**Material supplied**

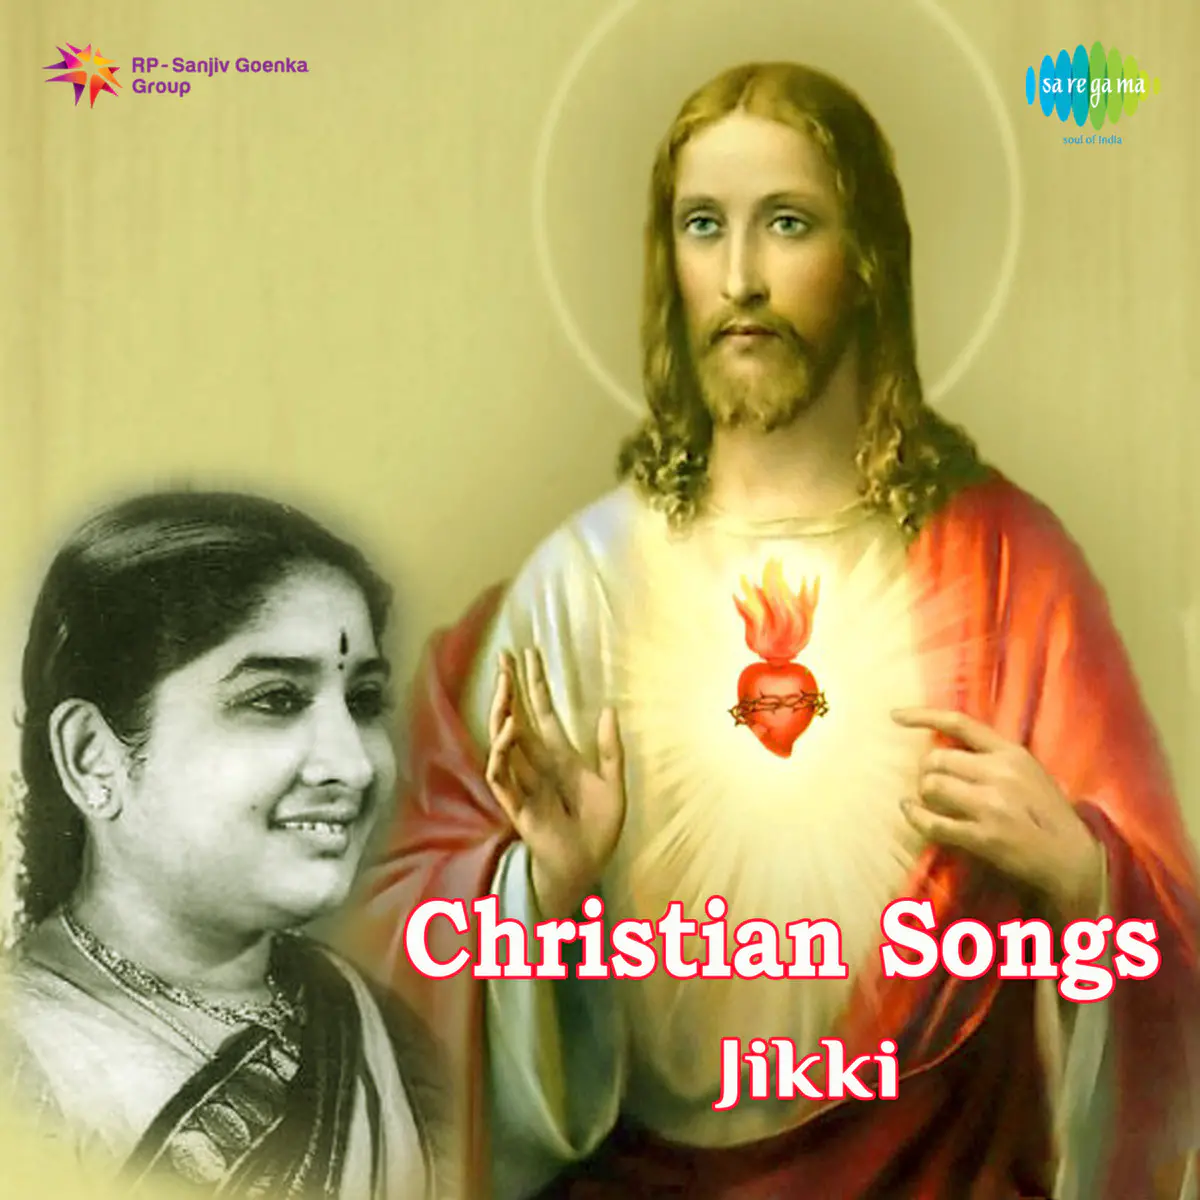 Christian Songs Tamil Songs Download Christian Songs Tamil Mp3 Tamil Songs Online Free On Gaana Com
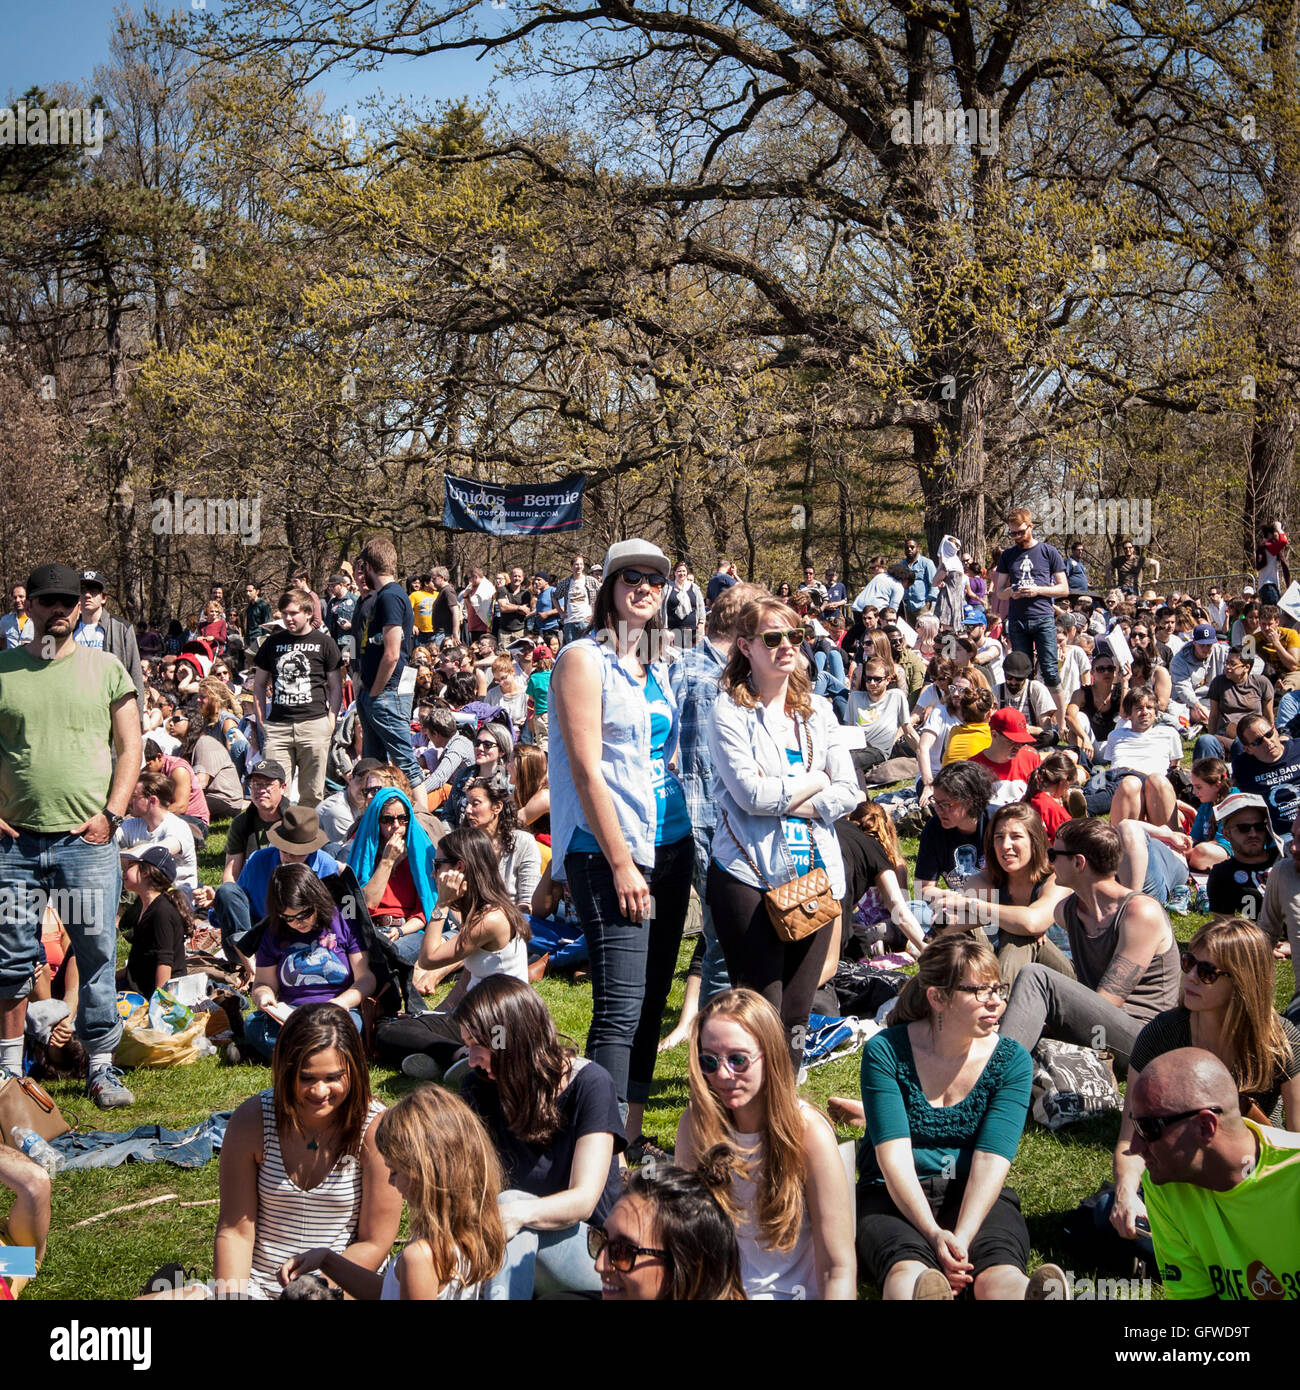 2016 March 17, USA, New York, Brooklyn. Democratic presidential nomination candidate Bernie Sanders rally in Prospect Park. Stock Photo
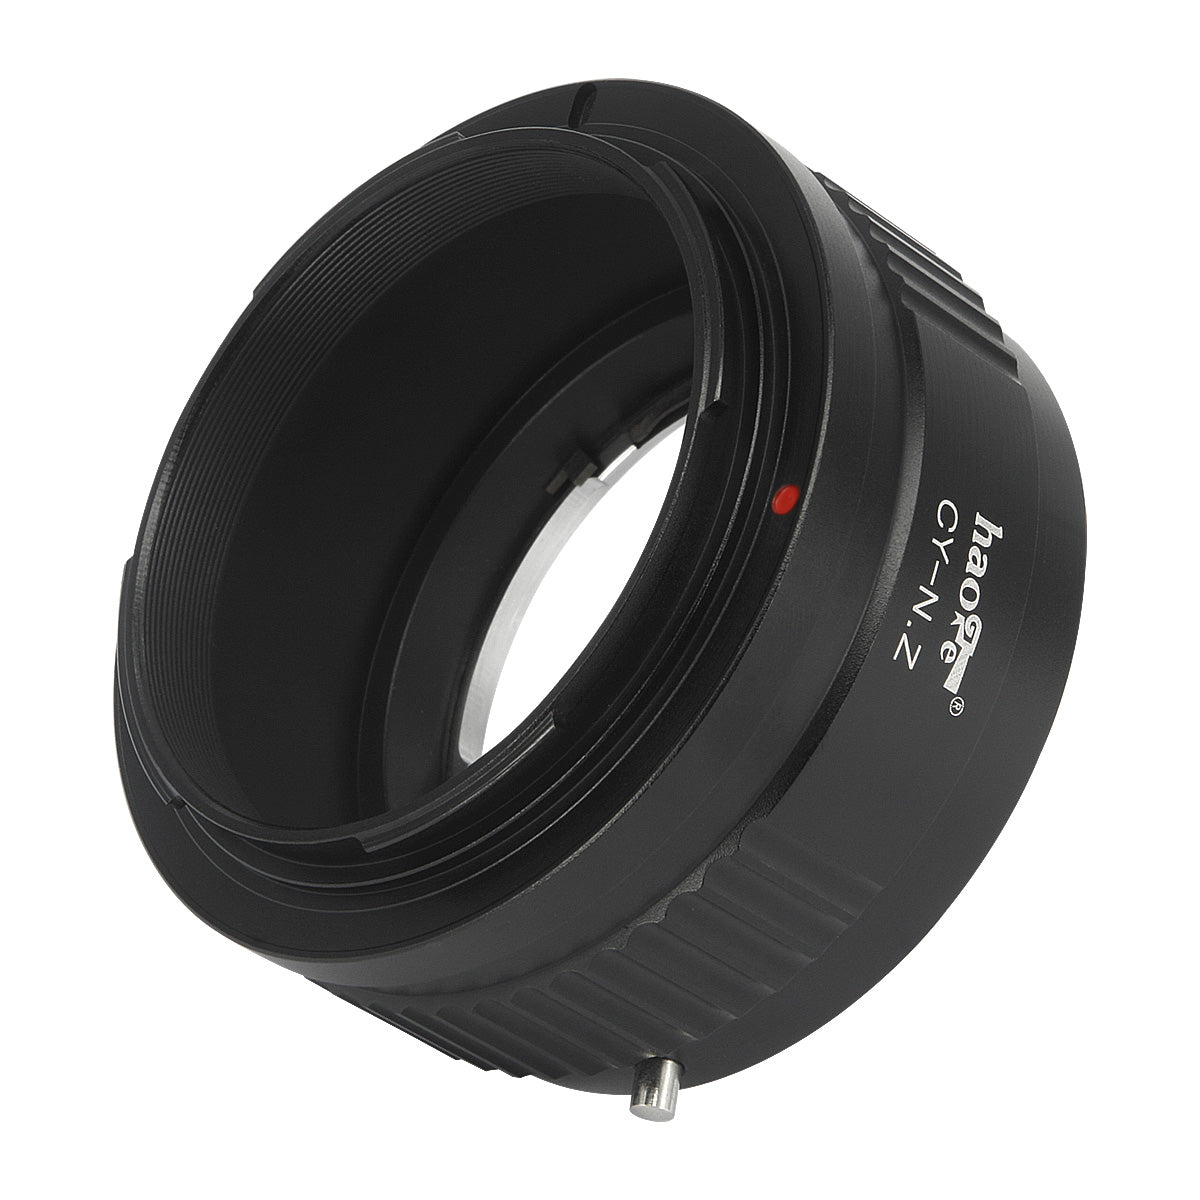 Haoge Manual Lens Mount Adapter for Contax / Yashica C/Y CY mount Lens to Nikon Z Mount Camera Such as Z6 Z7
* * *
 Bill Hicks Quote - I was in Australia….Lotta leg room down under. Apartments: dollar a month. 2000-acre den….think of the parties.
---
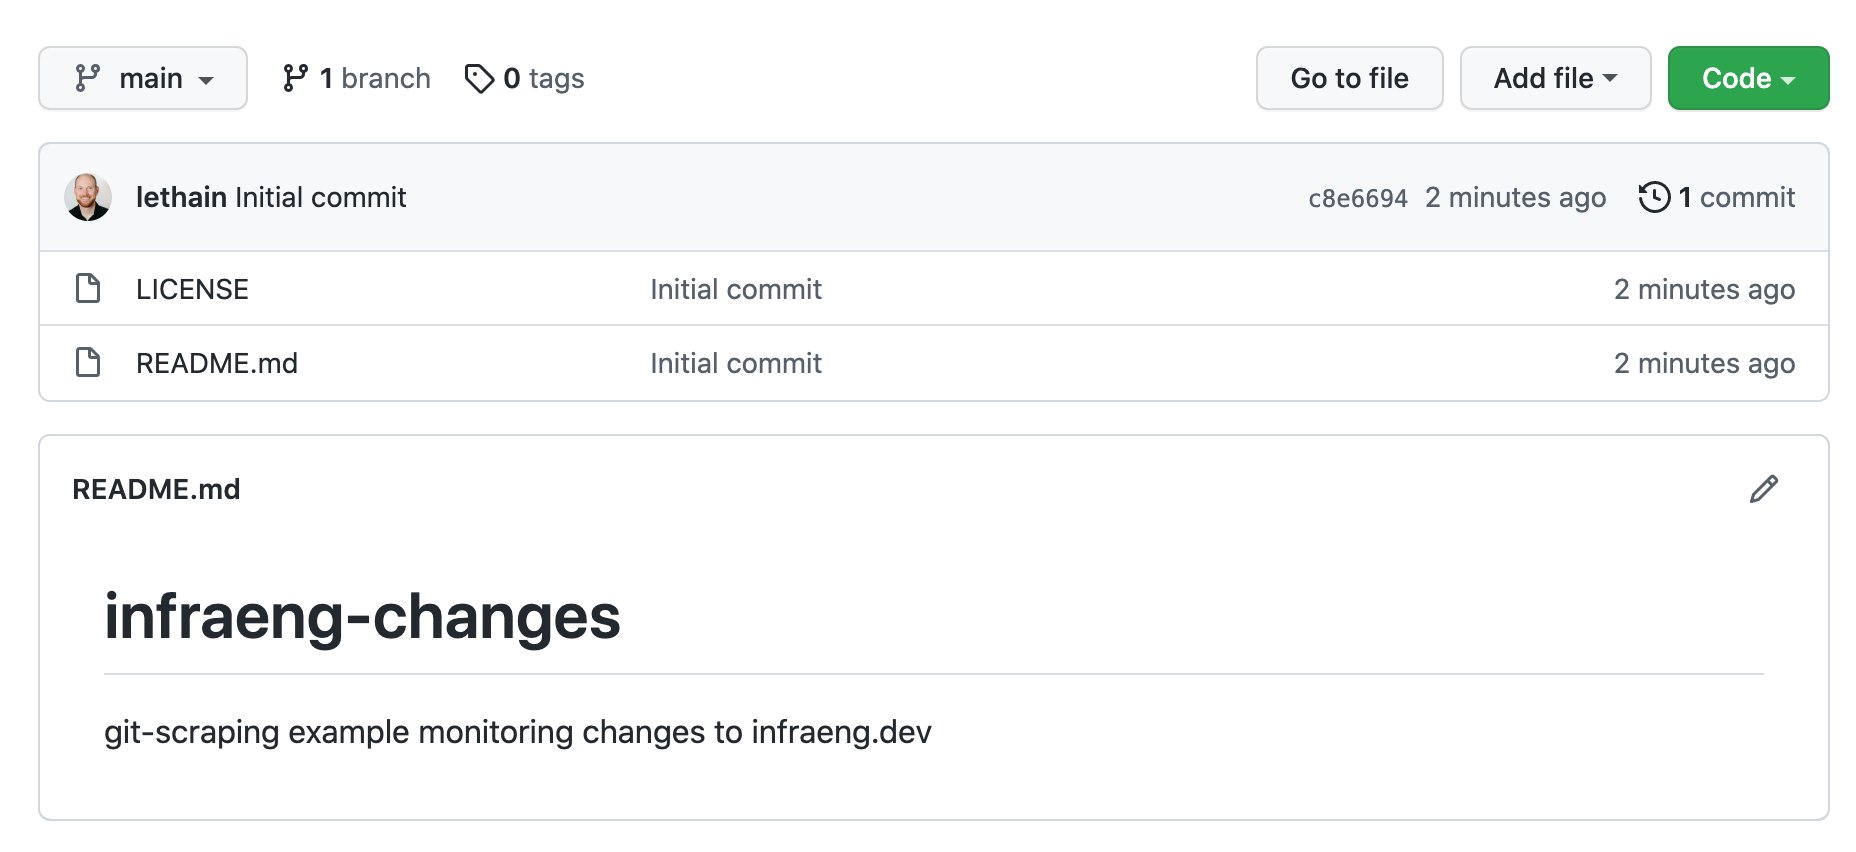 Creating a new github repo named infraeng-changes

**Assigned task**
Leaving every picture aside, reproduce exactly the lines above from the one with "Christian Songs Tamil Songs" up to and including the one with "Haoge Manual Lens", and no others.

**Exercise answer**
 Christian Songs Tamil Songs Download Christian Songs Tamil Mp3 Tamil Songs Online Free On Gaana Com
 2016 March 17, USA, New York, Brooklyn. Democratic presidential nomination candidate Bernie Sanders rally in Prospect Park. Stock Photo
 Haoge Manual Lens Mount Adapter for Contax / Yashica C/Y CY mount Lens to Nikon Z Mount Camera Such as Z6 Z7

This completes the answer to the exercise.